I was afraid of how I would look or if I would like it but I knew that the longer I waited I was doing more bad than good to my hair. So I decided to reach out to my friend who is a barber and she cut it all off. She left a little at the top but my back and sides are shaved low. After she finished cutting my hair I looked in the mirror and I loved it. I am not a daring person when it comes to my hair. I like to play it safe with hair color and styles so this was something totally outside of my norm but I liked it. I knew when I got home from the salon that my children were going to be shocked when they saw my haircut.
They loved it. My husband loved it and I received so many compliments at work. I was wasting a lot of time waiting until the right moment when I knew I needed a hair cut. I knew deep down inside that my hair wouldn’t grow healthy if I didn’t get rid of the damage. That’s how life is. We hold on to things that are causing more damage than good but we continue to hold on to it. I was holding on to my hair because I didn’t know how people were going to react when they seen my hair so short. I was afraid of being made fun of for doing something that was beneficial to me.

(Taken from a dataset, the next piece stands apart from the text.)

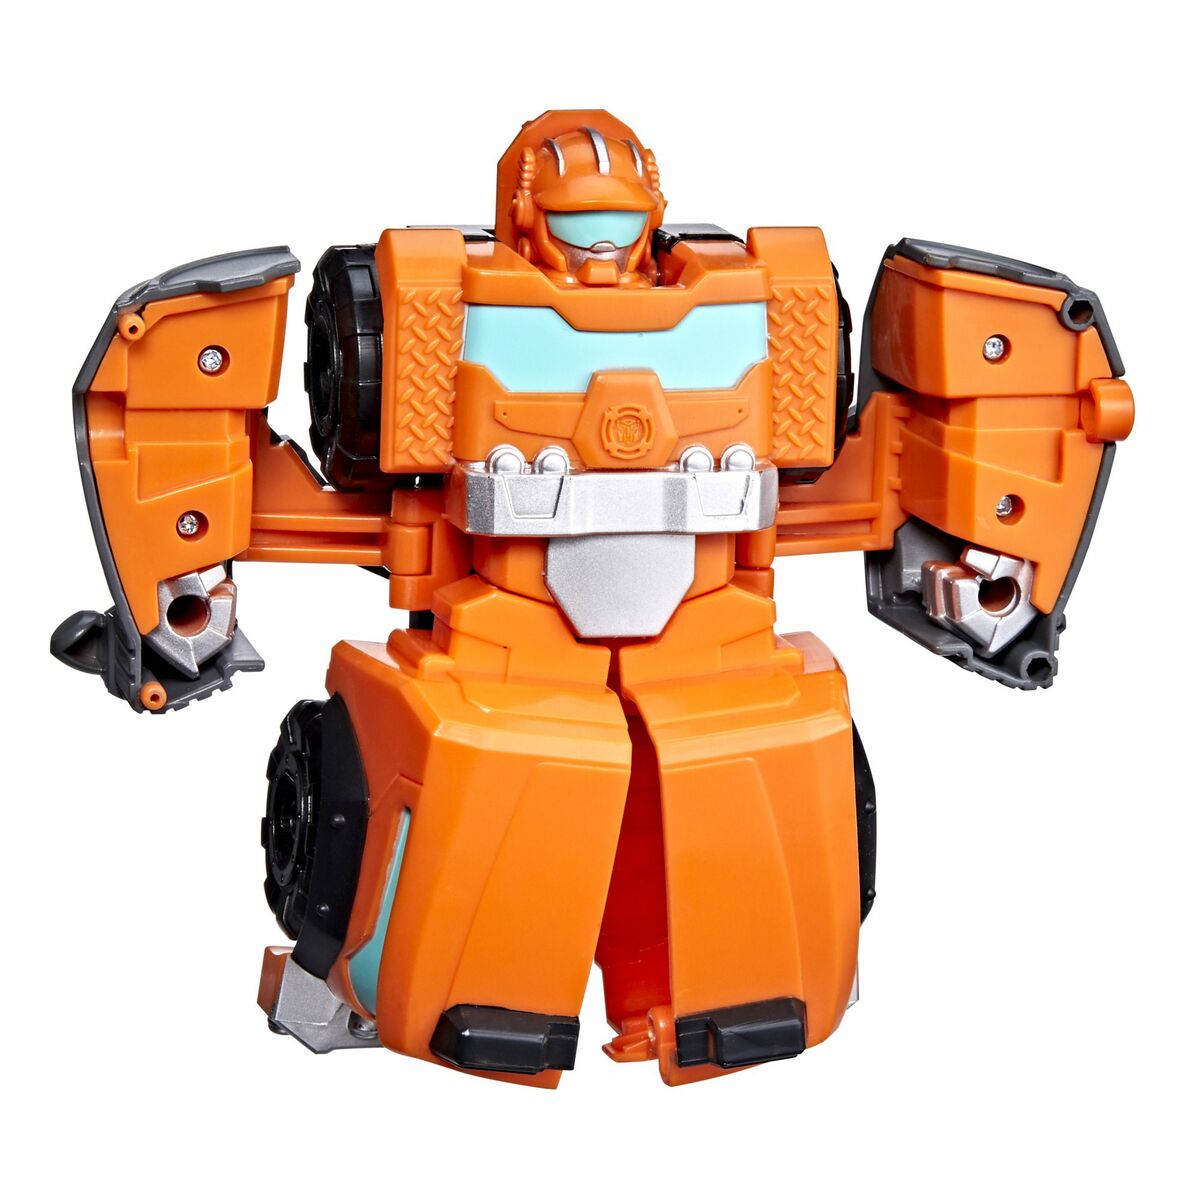 Transformers Rescue Bots Academy Wedge

I had to realize when I make choices to better myself as a whole no one else opinions matter but mine. People are so afraid of making choices because they worry about what everyone else is going to say. Everyone else doesn’t have to live our lives, we have to. So as you go about your day get rid of dead weight. Anything that causing you not to grow, holding you back from fulfilling your purpose, goals, and dreams that you have for your life. You are responsible for how you want your life to go, don’t be concerned about what others may think about the choices you make for your life.